+++ DATA SHOWN

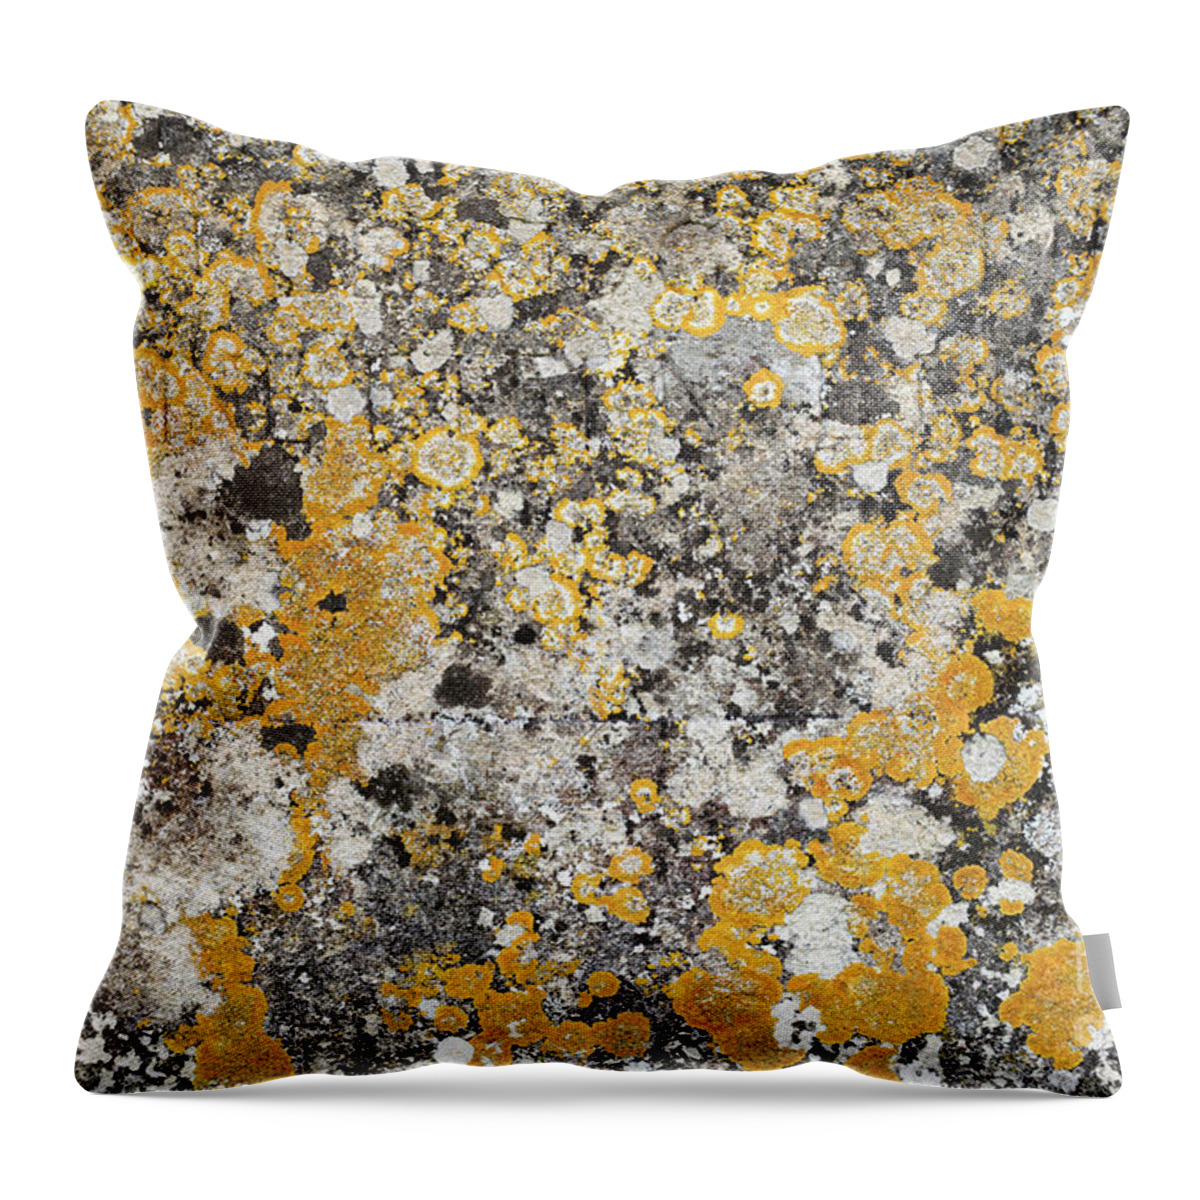 Lichen Throw Pillow featuring the photograph Lichen Pattern by Tim Gainey
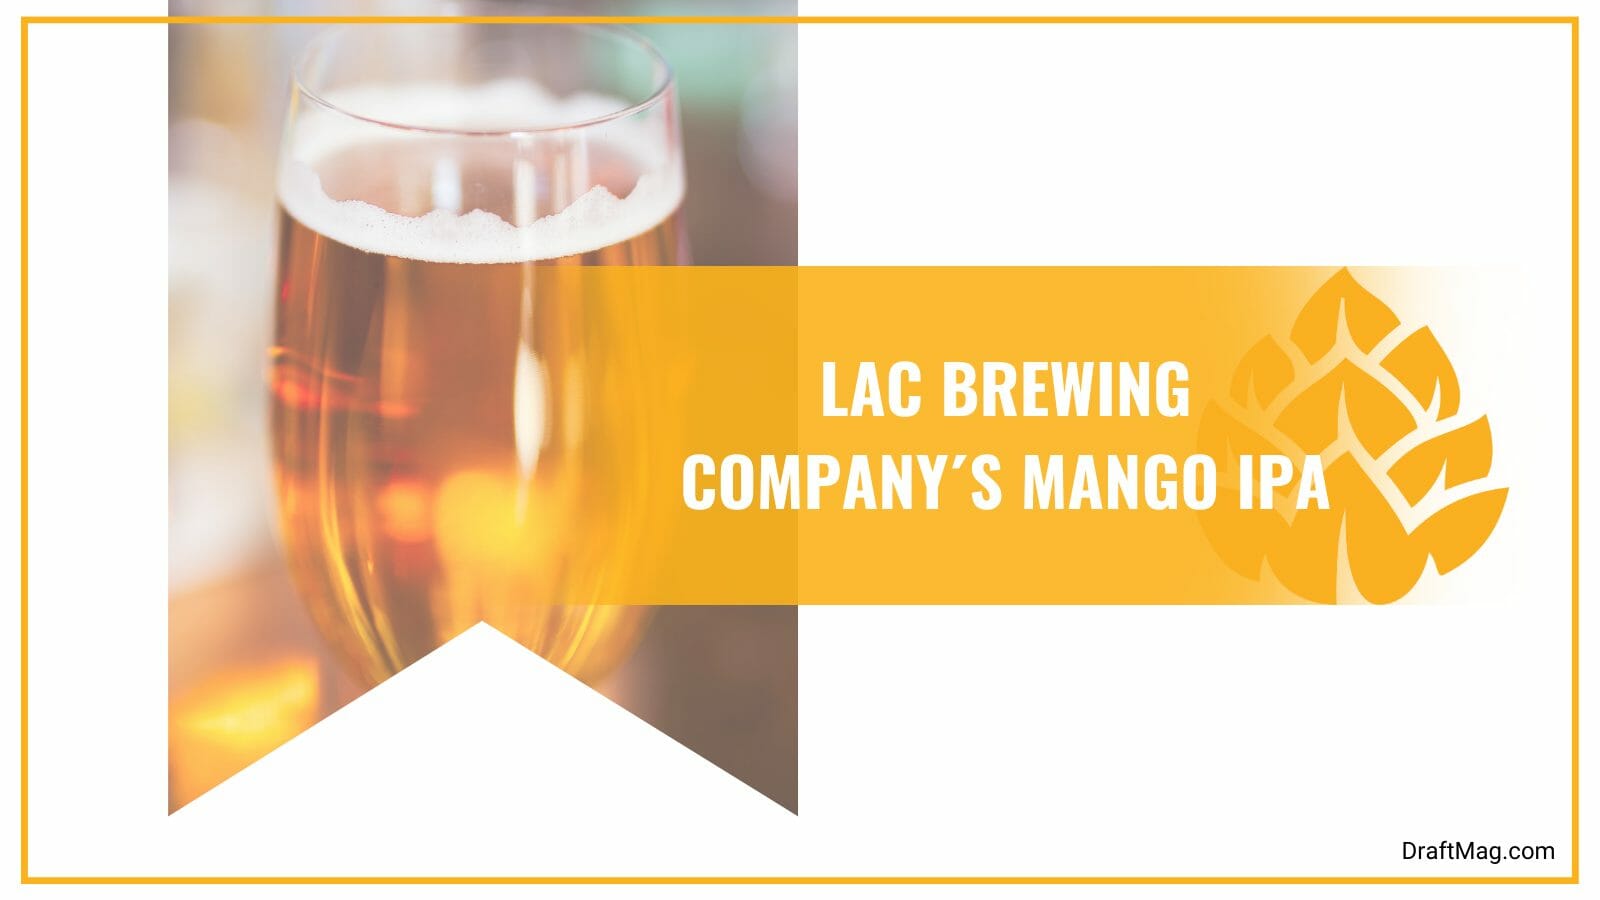 Lac brewing company mango ipa
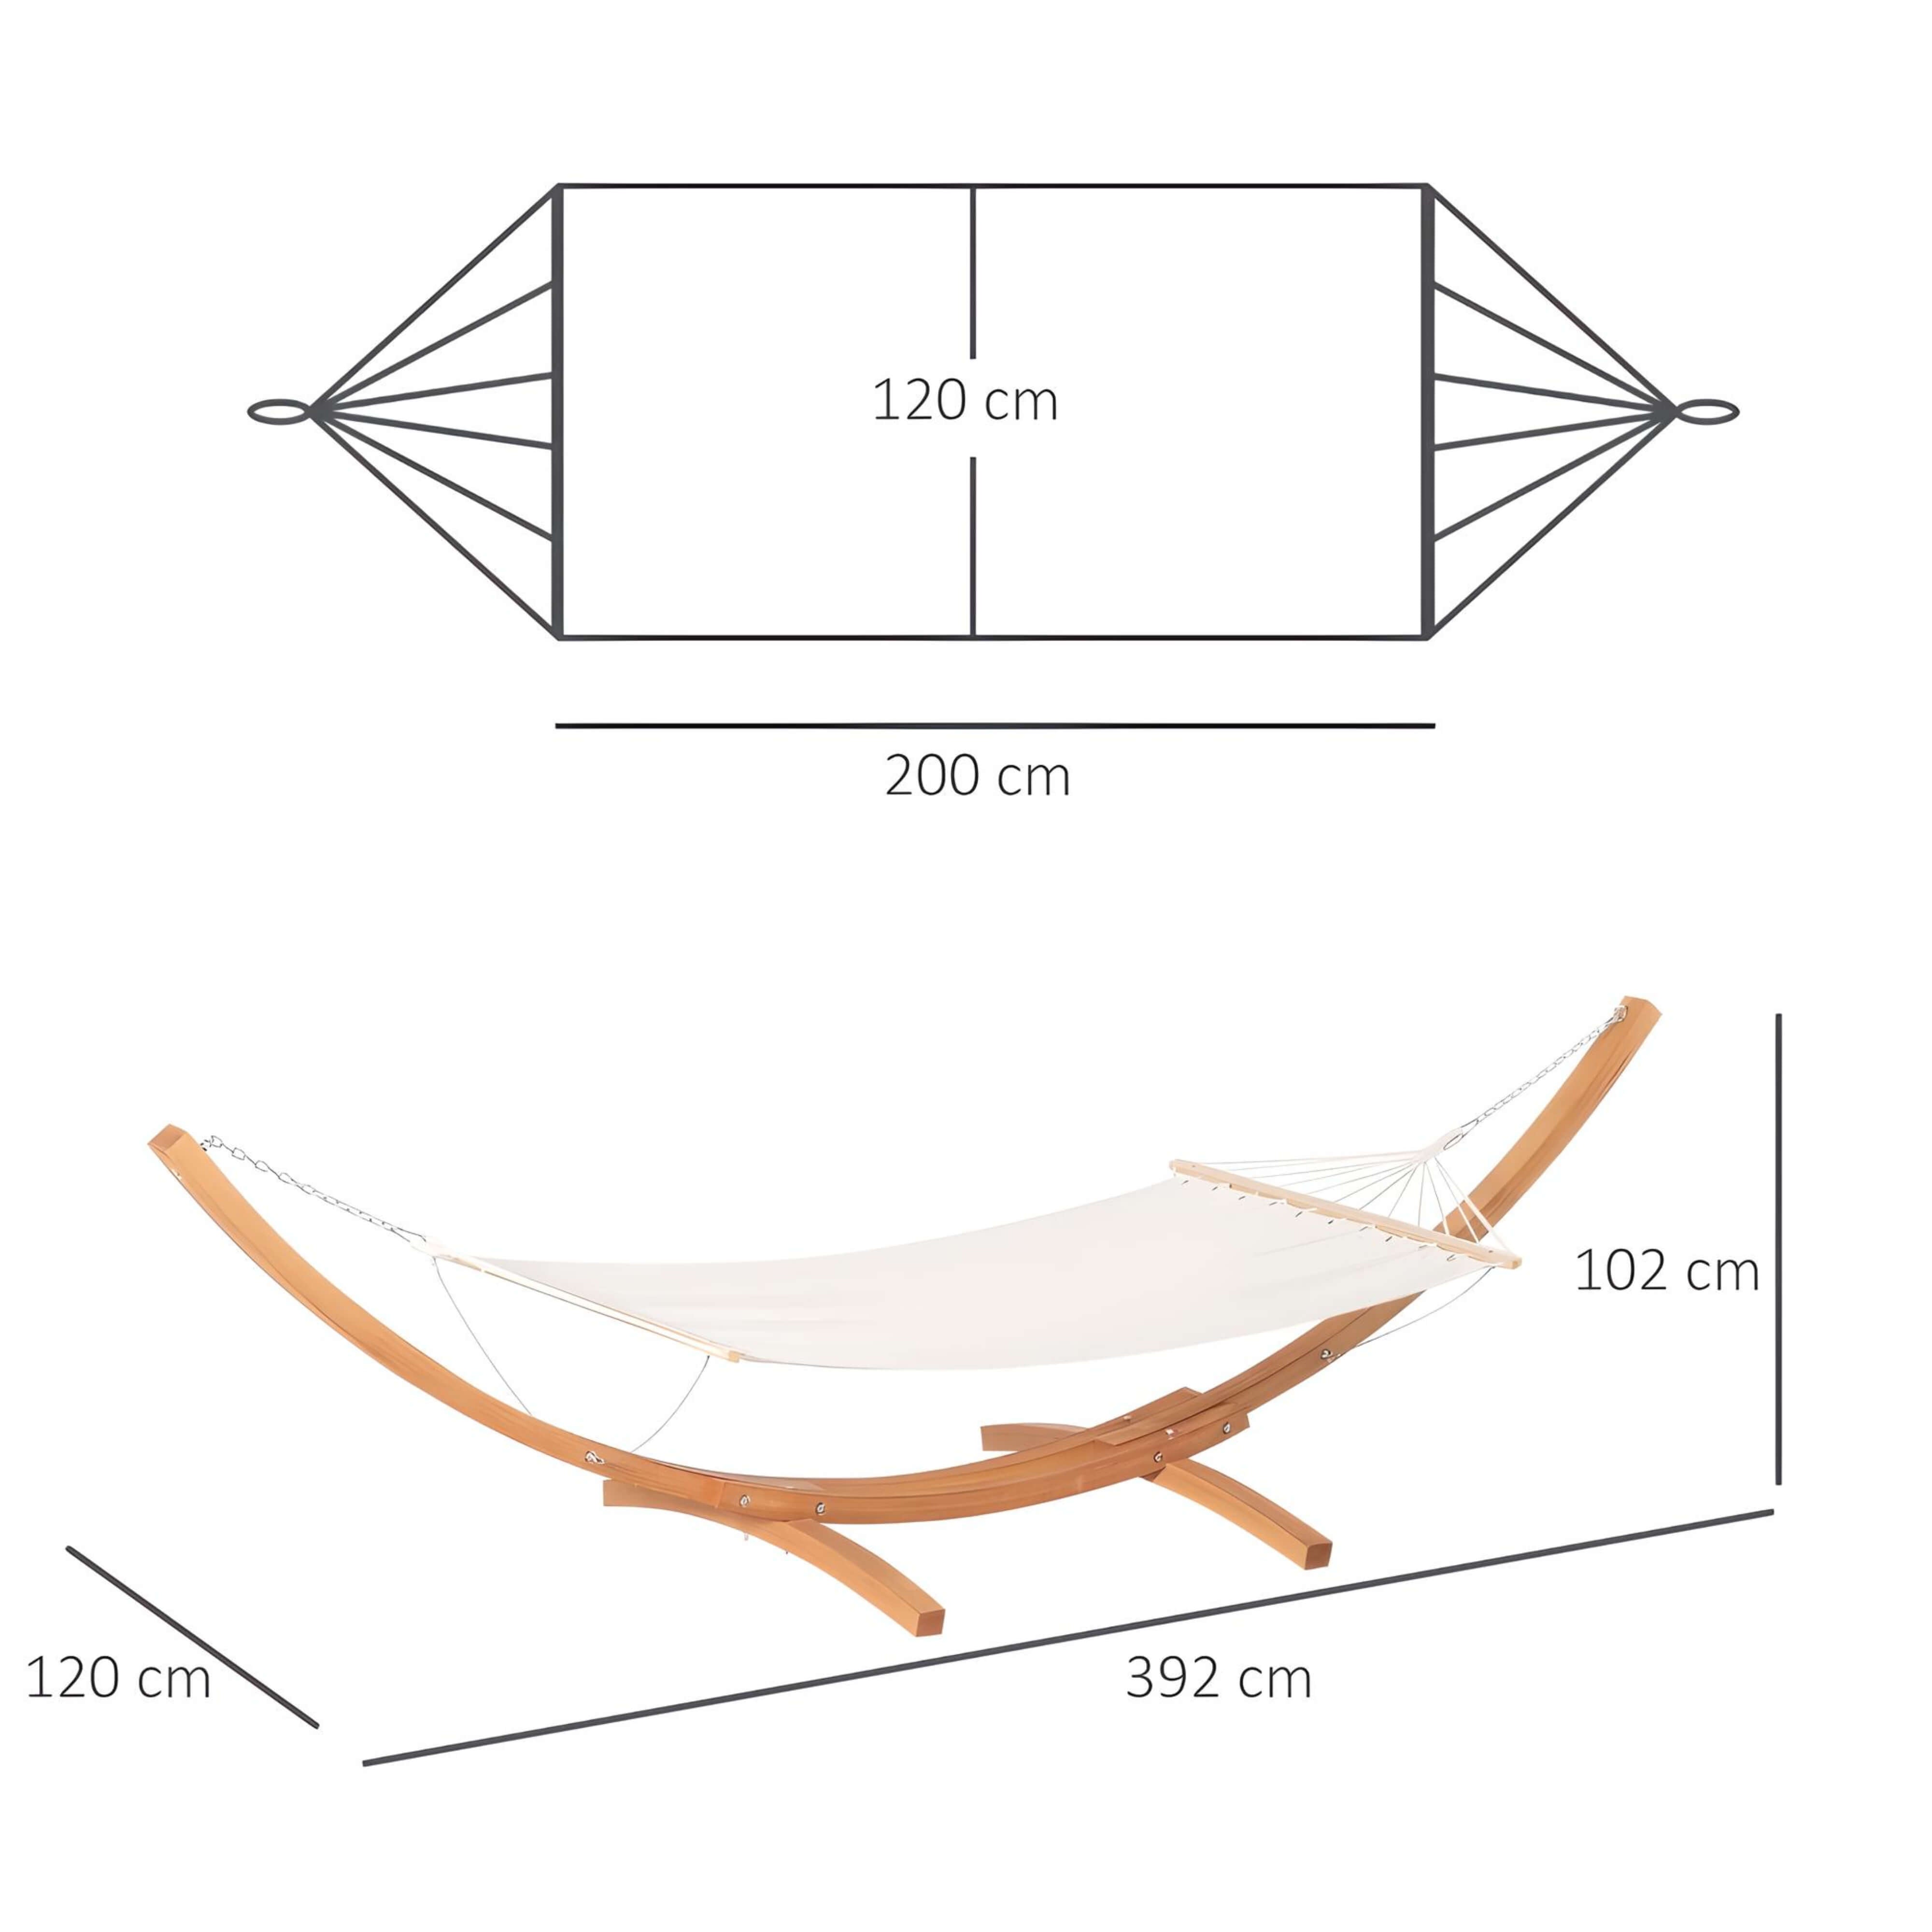 teak-wood-hammock-stand-dimension

++++++

WHAT THIS TASK INVOLVES
Write out the data above in full and exactly, but not the pictures.

SOLUTION FOR THIS TASK
 Lichen Throw Pillow featuring the photograph Lichen Pattern by Tim Gainey
 Lac brewing company mango ipa
 teak-wood-hammock-stand-dimension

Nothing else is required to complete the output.